On 01/17/2017 10:29 AM, Mel Gorman wrote:
> The per-cpu page allocator can be drained immediately via drain_all_pages()
> which sends IPIs to every CPU. In the next patch, the per-cpu allocator
> will only be used for interrupt-safe allocations which prevents draining
> it from IPI context. This patch uses workqueues to drain the per-cpu
> lists instead.
> 
> This is slower but no slowdown during intensive reclaim was measured and
> the paths that use drain_all_pages() are not that sensitive to performance.
> This is particularly true as the path would only be triggered when reclaim
> is failing. It also makes a some sense to avoid storming a machine with IPIs
> when it's under memory pressure.
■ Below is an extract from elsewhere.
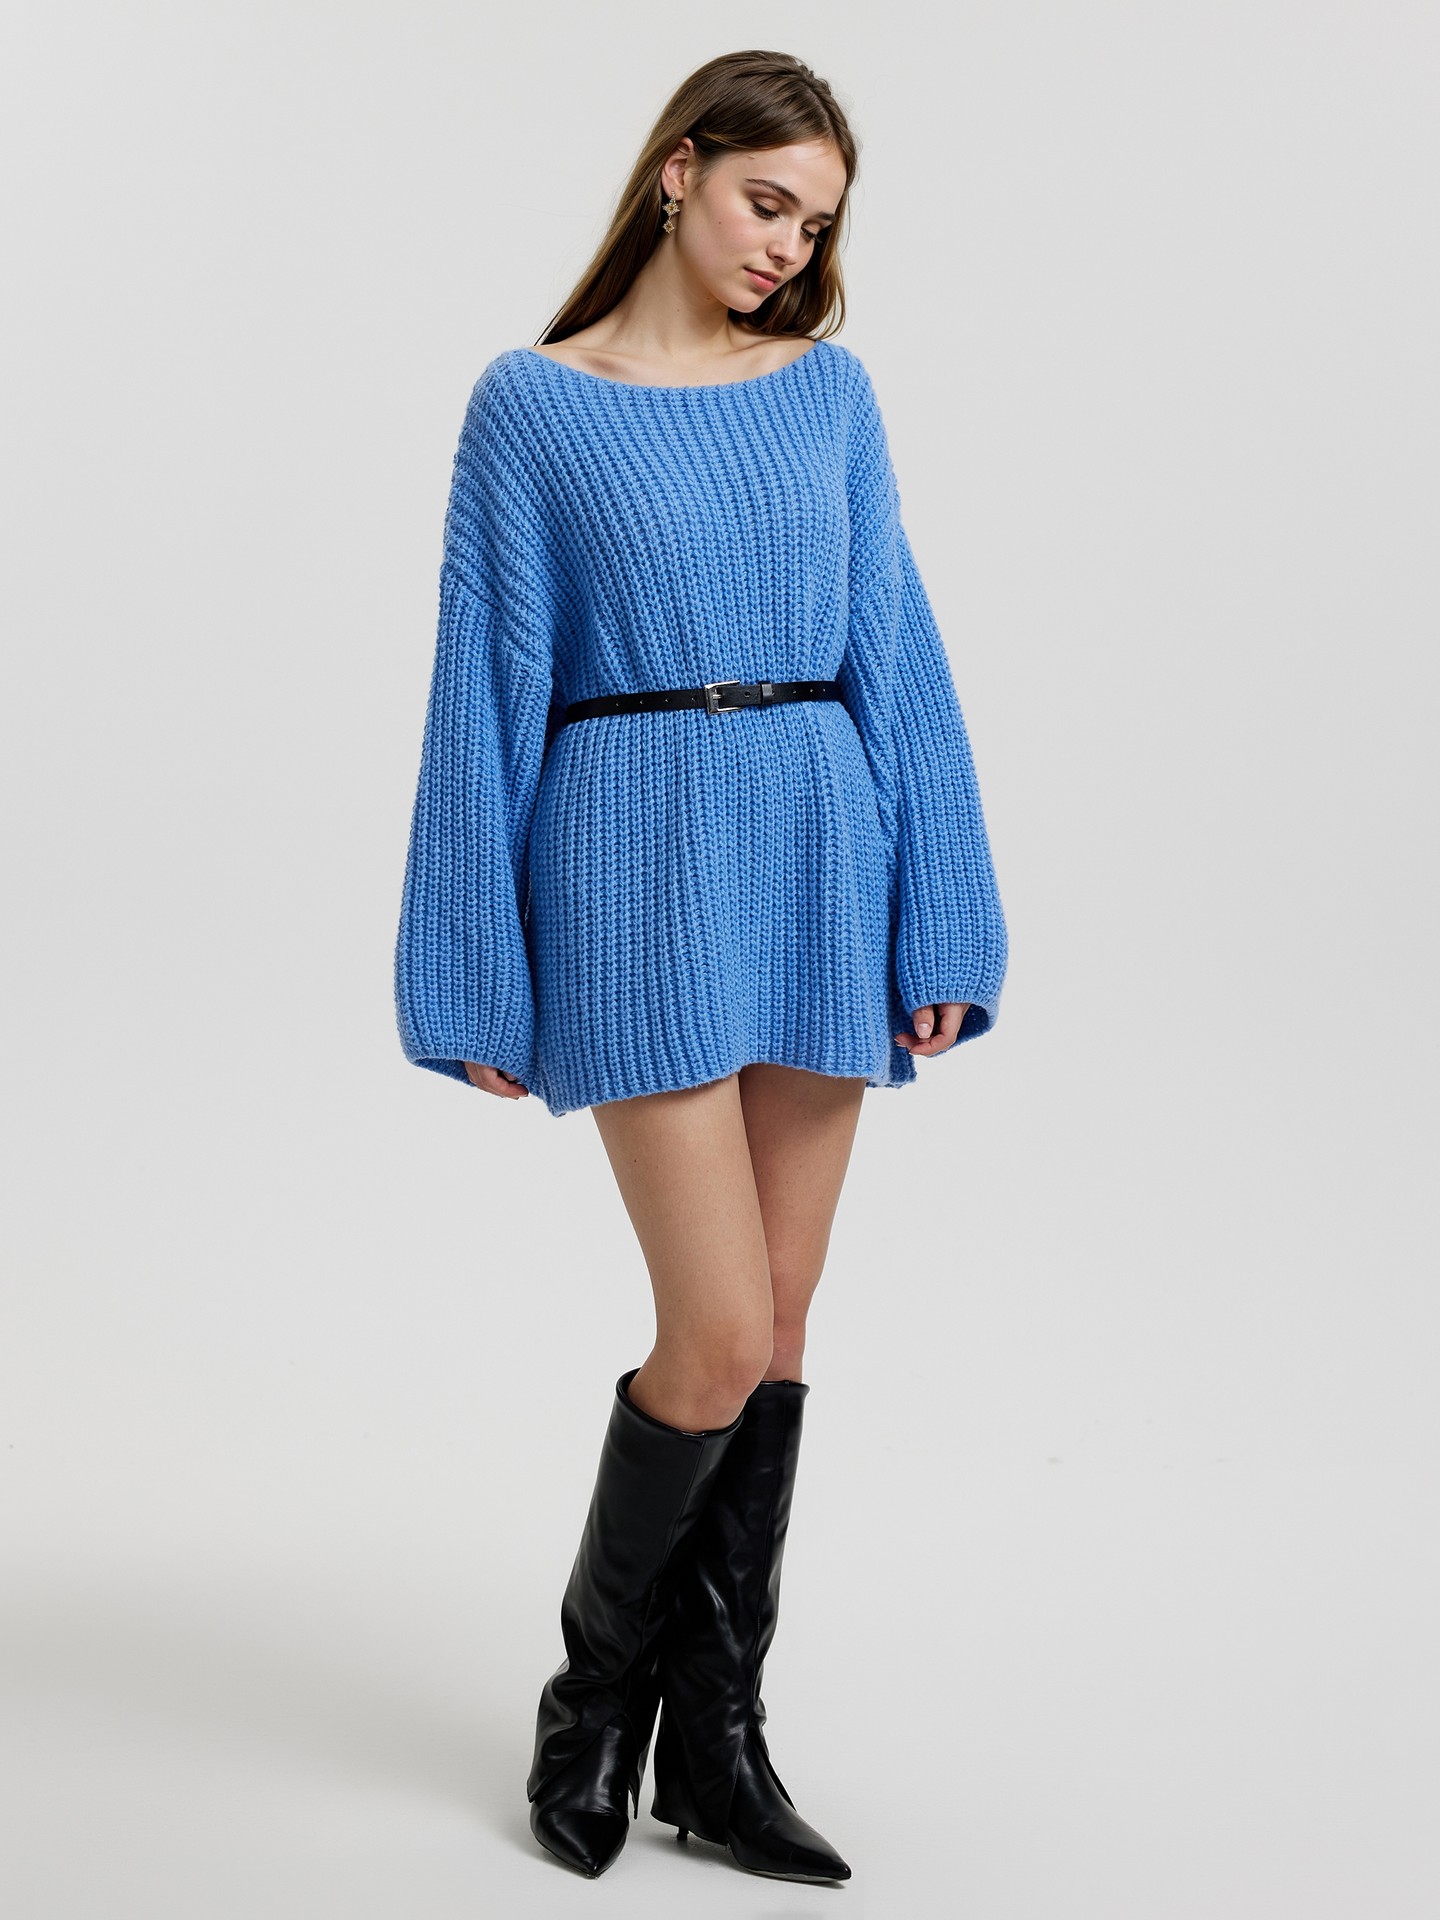 Belted Knit Pullover丨Urbanic

Arguably, it should be further adjusted
> so that only one caller at a time is draining pages but it's beyond the
> scope of the current patch.
> 
> Signed-off-by: Mel Gorman <mgorman@...hsingularity.net>

I'm not a workqueue expert (CC Petr Mladek) but I compared this to
lru_add_drain_all() and have some questions...

> ---
>  mm/page_alloc.c | 42 +++++++++++++++++++++++++++++++++++-------
>  1 file changed, 35 insertions(+), 7 deletions(-)
> 
> diff --git a/mm/page_alloc.c b/mm/page_alloc.c
> index d15527a20dce..9c3a0fcf8c13 100644
> --- a/mm/page_alloc.c
> +++ b/mm/page_alloc.c
> @@ -2341,19 +2341,21 @@ void drain_local_pages(struct zone *zone)
>  		drain_pages(cpu);
>  }
>  
> +static void drain_local_pages_wq(struct work_struct *work)
> +{
> +	drain_local_pages(NULL);
> +}
> +
>  /*
>   * Spill all the per-cpu pages from all CPUs back into the buddy allocator.
>   *
>   * When zone parameter is non-NULL, spill just the single zone's pages.
>   *
> - * Note that this code is protected against sending an IPI to an offline
> - * CPU but does not guarantee sending an IPI to newly hotplugged CPUs:
> - * on_each_cpu_mask() blocks hotplug and won't talk to offlined CPUs but
> - * nothing keeps CPUs from showing up after we populated the cpumask and
> - * before the call to on_each_cpu_mask().
> + * Note that this can be extremely slow as the draining happens in a workqueue.
>   */
>  void drain_all_pages(struct zone *zone)
>  {
> +	struct work_struct __percpu *works;
>  	int cpu;
>  
>  	/*
> @@ -2362,6 +2364,16 @@ void drain_all_pages(struct zone *zone)
>  	 */
>  	static cpumask_t cpus_with_pcps;
>  
> +	/* Workqueues cannot recurse */
> +	if (current->flags & PF_WQ_WORKER)
> +		return;
> +
> +	/*
> +	 * As this can be called from reclaim context, do not reenter reclaim.
> +	 * An allocation failure can be handled, it's simply slower
> +	 */
> +	works = alloc_percpu_gfp(struct work_struct, GFP_ATOMIC);
> +
>  	/*
>  	 * We don't care about racing with CPU hotplug event
>  	 * as offline notification will cause the notified
> @@ -2392,8 +2404,24 @@ void drain_all_pages(struct zone *zone)
>  		else
>  			cpumask_clear_cpu(cpu, &cpus_with_pcps);
>  	}
> -	on_each_cpu_mask(&cpus_with_pcps, (smp_call_func_t) drain_local_pages,
> -								zone, 1);
> +
> +	if (works) {
> +		for_each_cpu(cpu, &cpus_with_pcps) {
> +			struct work_struct *work = per_cpu_ptr(works, cpu);
> +			INIT_WORK(work, drain_local_pages_wq);
> +			schedule_work_on(cpu, work);

This translates to queue_work_on(), which has the comment of "We queue
the work to a specific CPU, the caller must ensure it can't go away.",
so is this safe? lru_add_drain_all() uses get_online_cpus() around this.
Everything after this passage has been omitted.